As we can see, everything worked.

How it works...

We start by creating a collection that we will use to demonstrate how to remove replicas from the already created collection. Of course, we have our SolrCloud cluster up and running, ZooKeeper installed and running, and the firstcollection configuration stored in it. The collection creation command was already mentioned a few times—in our case, we created a collection called testCollection that is built of four physical shards—two primary shards and one replica for each of them.

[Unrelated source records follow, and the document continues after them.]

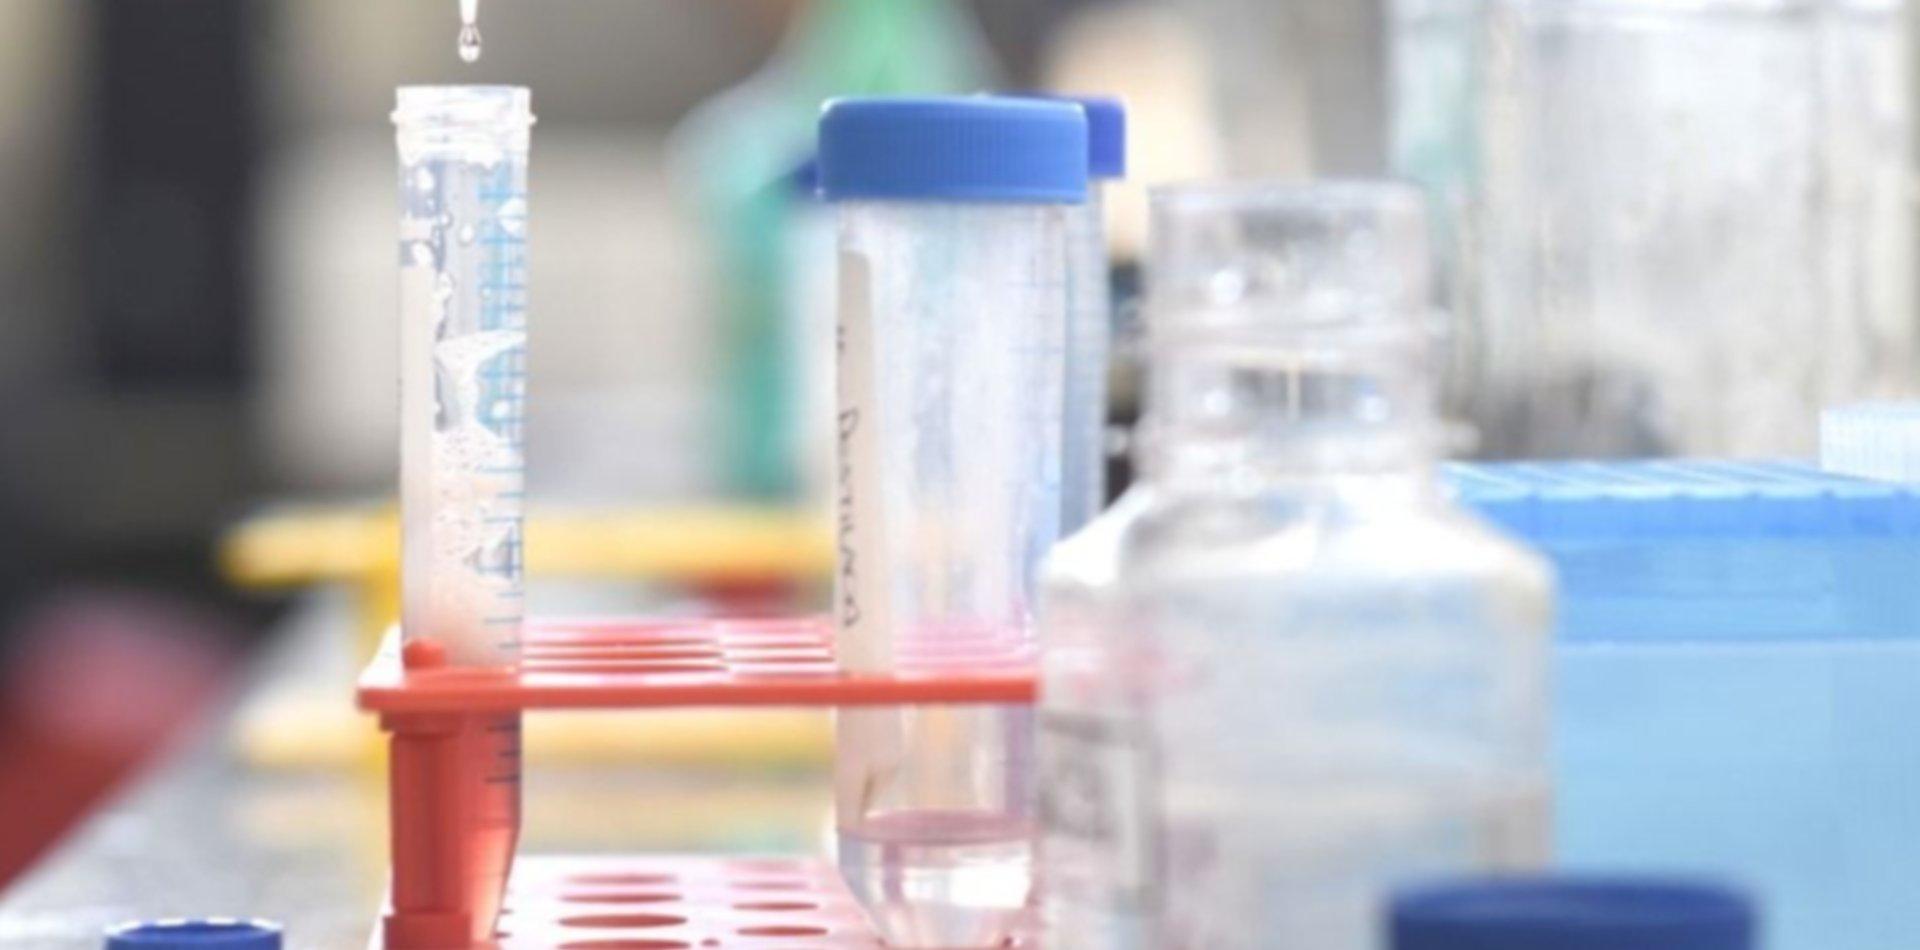 Investigadores de la UNLP comprueban el daño que causa una enfermedad rara en los riñones
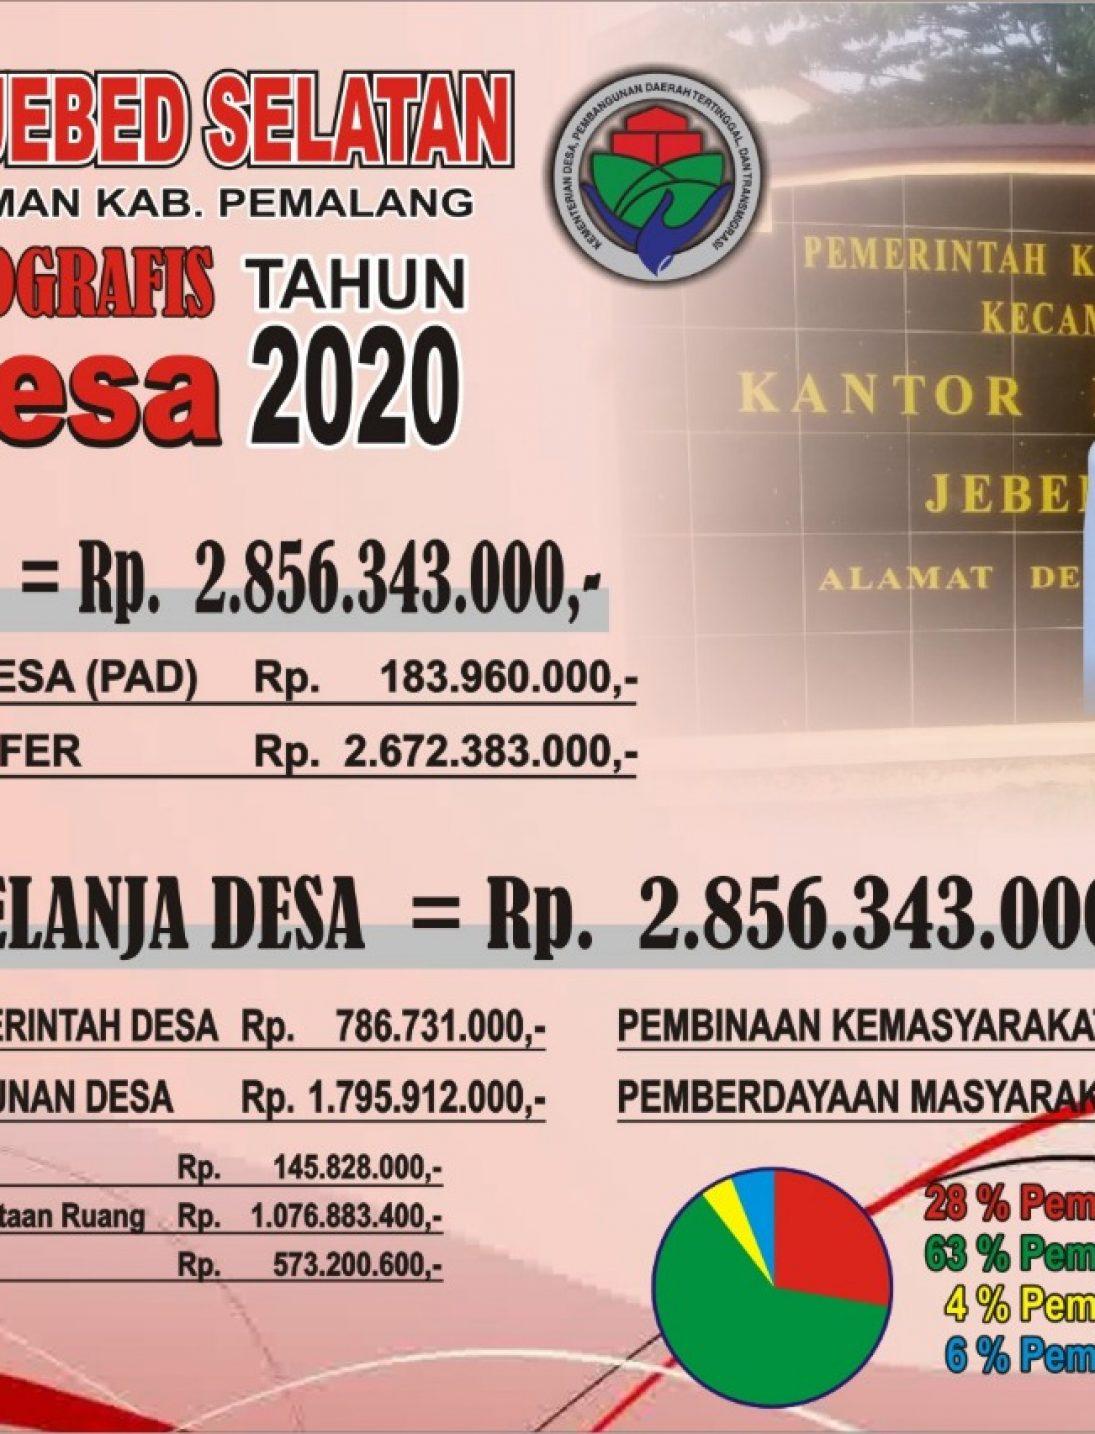 IMG-20200313-WA0001
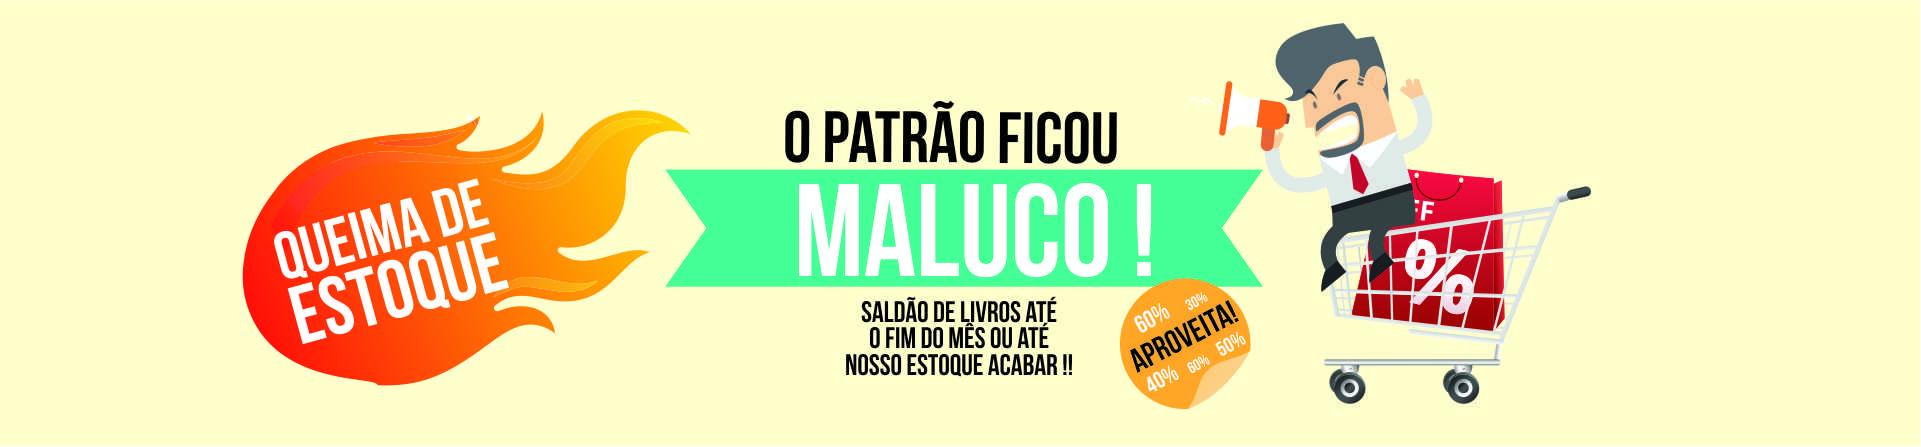 SALDÃO DE LIVROS
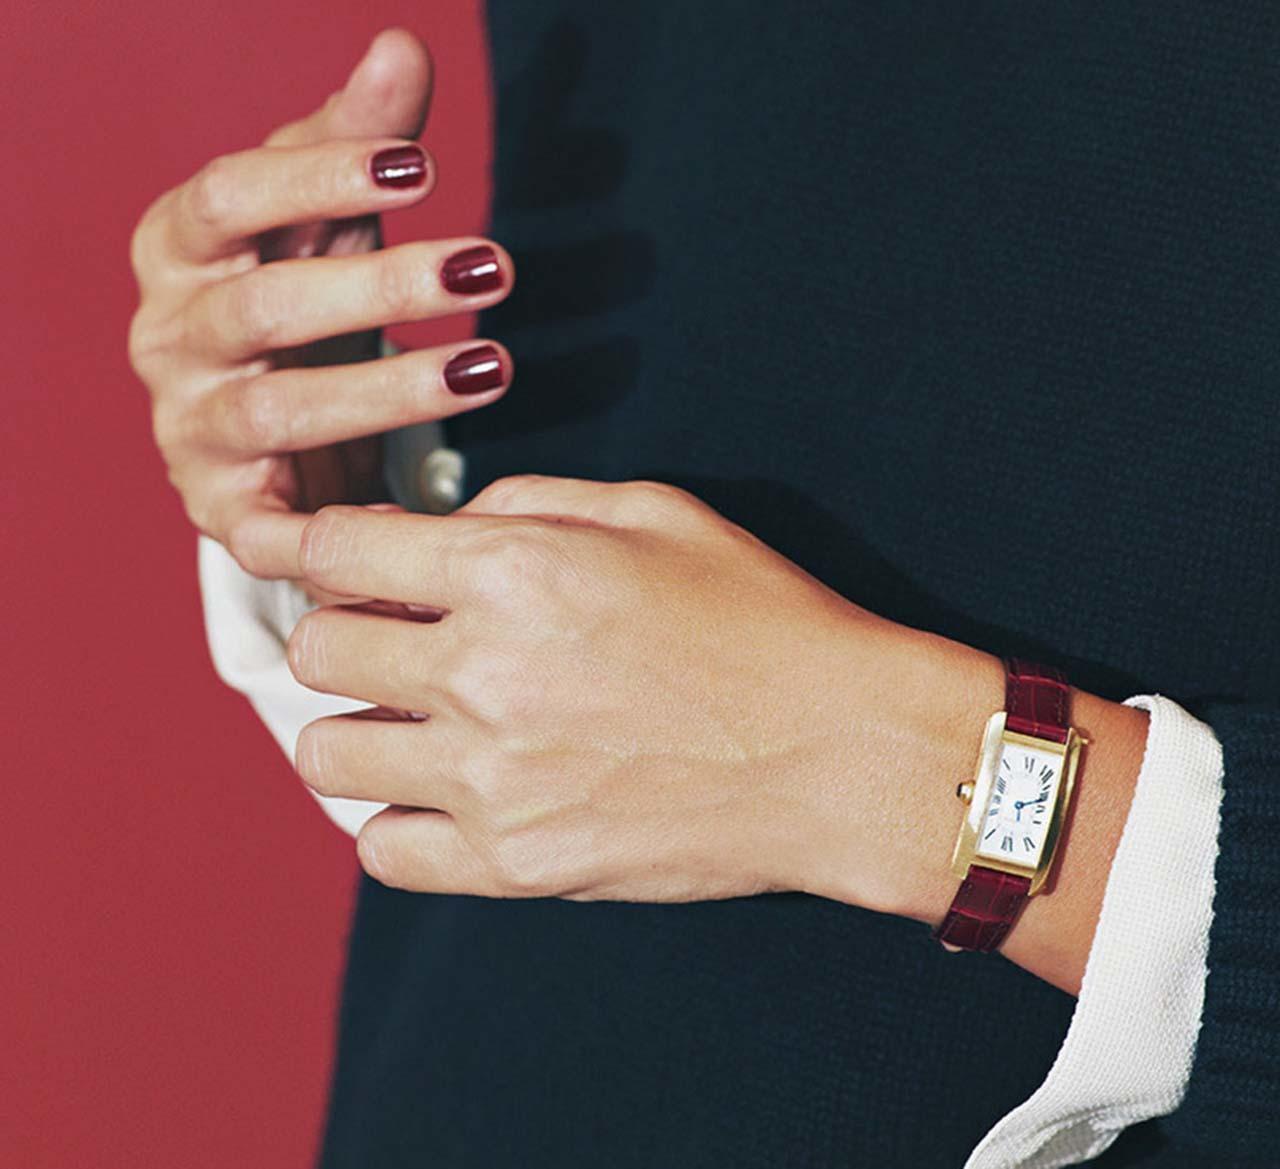 カルティエの腕時計をしたモデルの竹下玲奈さん
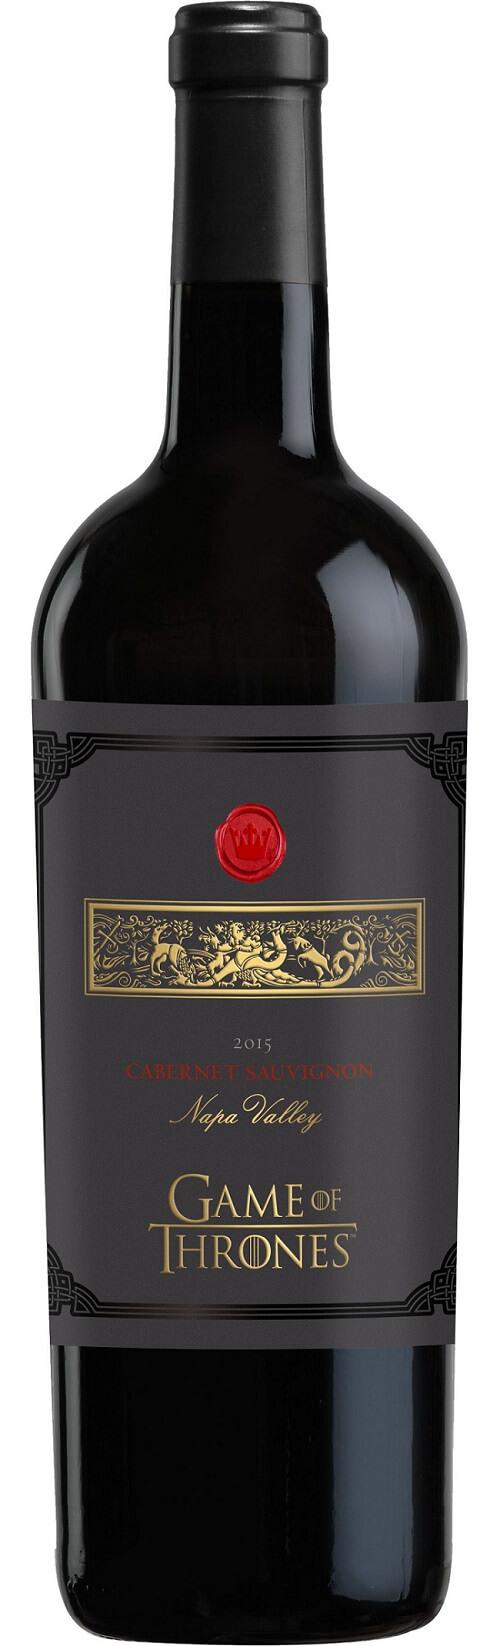 un-nuevo-vino-de-game-of-thrones-que-te-hara-beber-lo-mejor-de-los-siete-reinos-01-cabernet-sauvignon
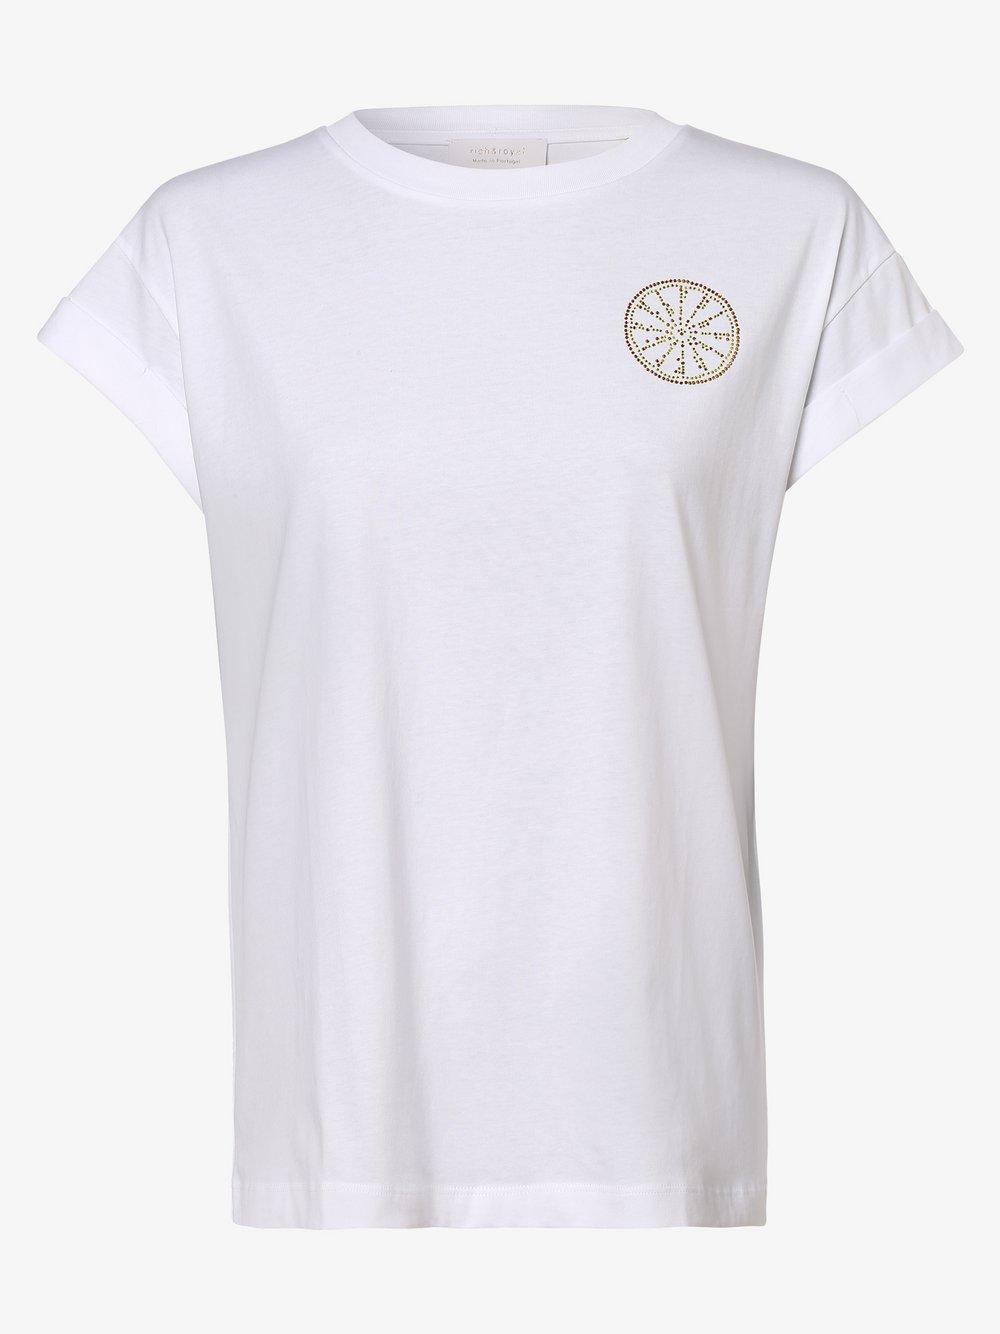 Rich & Royal - T-shirt damski, biały
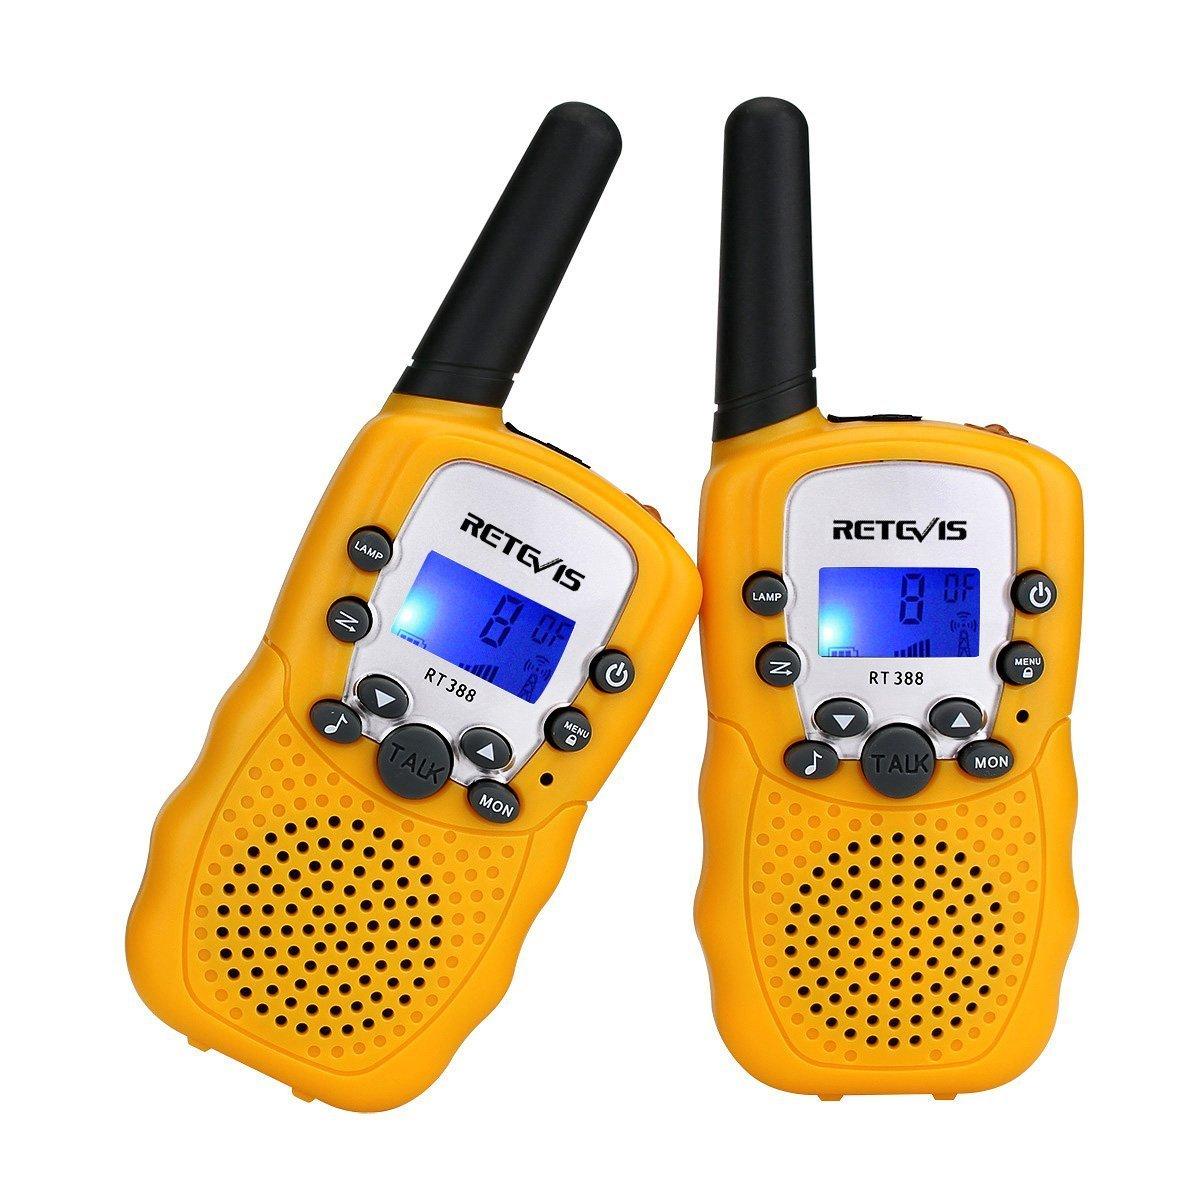 Retevis RT388 Walkie Talkie Niños PMR446 8 Canales LCD Pantalla Función VOX 10 Tonos de Llamada Bloqueo de Canal Linterna Incorporado (Azul, 1 Par) RT-388

What we try to do is delete the replicas of the primary shards, because we want to remove the server on which they are running and throw the hardware away. To do this, we start by removing the replica that is stored on the node running on port 8983. The thing is that this time we don't specify the node name like during replica creation, but we need to specify the actual shard name that Solr uses internally. We can do this by taking a look at clusterstate.json in the Solr admin panel (you can do that by going to http://localhost:8983/solr/#/~cloud?view=tree with your web browser and choosing the mentioned file). In our case, that file looks as follows:

{"testCollection":{
    "shards":{
      "shard1":{
        "range":"80000000-ffffffff",
        "state":"active",
        "replicas":{
          "core_node1":{
            "state":"active",
            "core":"testCollection_shard1_replica1",
            "node_name":"192.168.56.1:4983_solr",
            "base_url":"http://192.168.56.1:4983/solr",
            "leader":"true"},
          "core_node2":{
            "state":"active",
            "core":"testCollection_shard1_replica2",
            "node_name":"192.168.56.1:8983_solr",
            "base_url":"http://192.168.56.1:8983/solr"}}},
      "shard2":{
        "range":"0-7fffffff",
        "state":"active",
        "replicas":{
          "core_node3":{
            "state":"active",
            "core":"testCollection_shard2_replica1",
            "node_name":"192.168.56.1:2983_solr",
            "base_url":"http://192.168.56.1:2983/solr",
            "leader":"true"},
          "core_node4":{
            "state":"active",
            "core":"testCollection_shard2_replica2",
            "node_name":"192.168.56.1:6983_solr",
            "base_url":"http://192.168.56.1:6983/solr"}}}},
    "maxShardsPerNode":"1",
    "router":{"name":"compositeId"},
    "replicationFactor":"2",
    "autoAddReplicas":"false"}}

For example, for shard1, we have two replicas, one named core_node1 and the second one named core_node2. The first one is the primary shard (leader=true). For shard2, we also have two replicas, one named core_node3 and the second one named core_node4. In this case, the first is also the primary shard.

To delete a shard, we need to send an appropriate request to the Collections API (/admin/collections) and specify the delete action (action=DELETEREPLICA), collection (collection=testCollection), the shard (shard=shard1), and the name of the replica (replica=core_node2). In our case, we want to remove the replica from nodes running on port 8983 for shard1 (which means that we remove core_node4) and on port 6983 for shard2 (which means we remove core_node4).

As we can see, after both the commands were executed, we are now left with a collection that has only primary shards. If we look at the cluster state now, we will see that there are no trace of the replicas, which means that Solr removed them properly.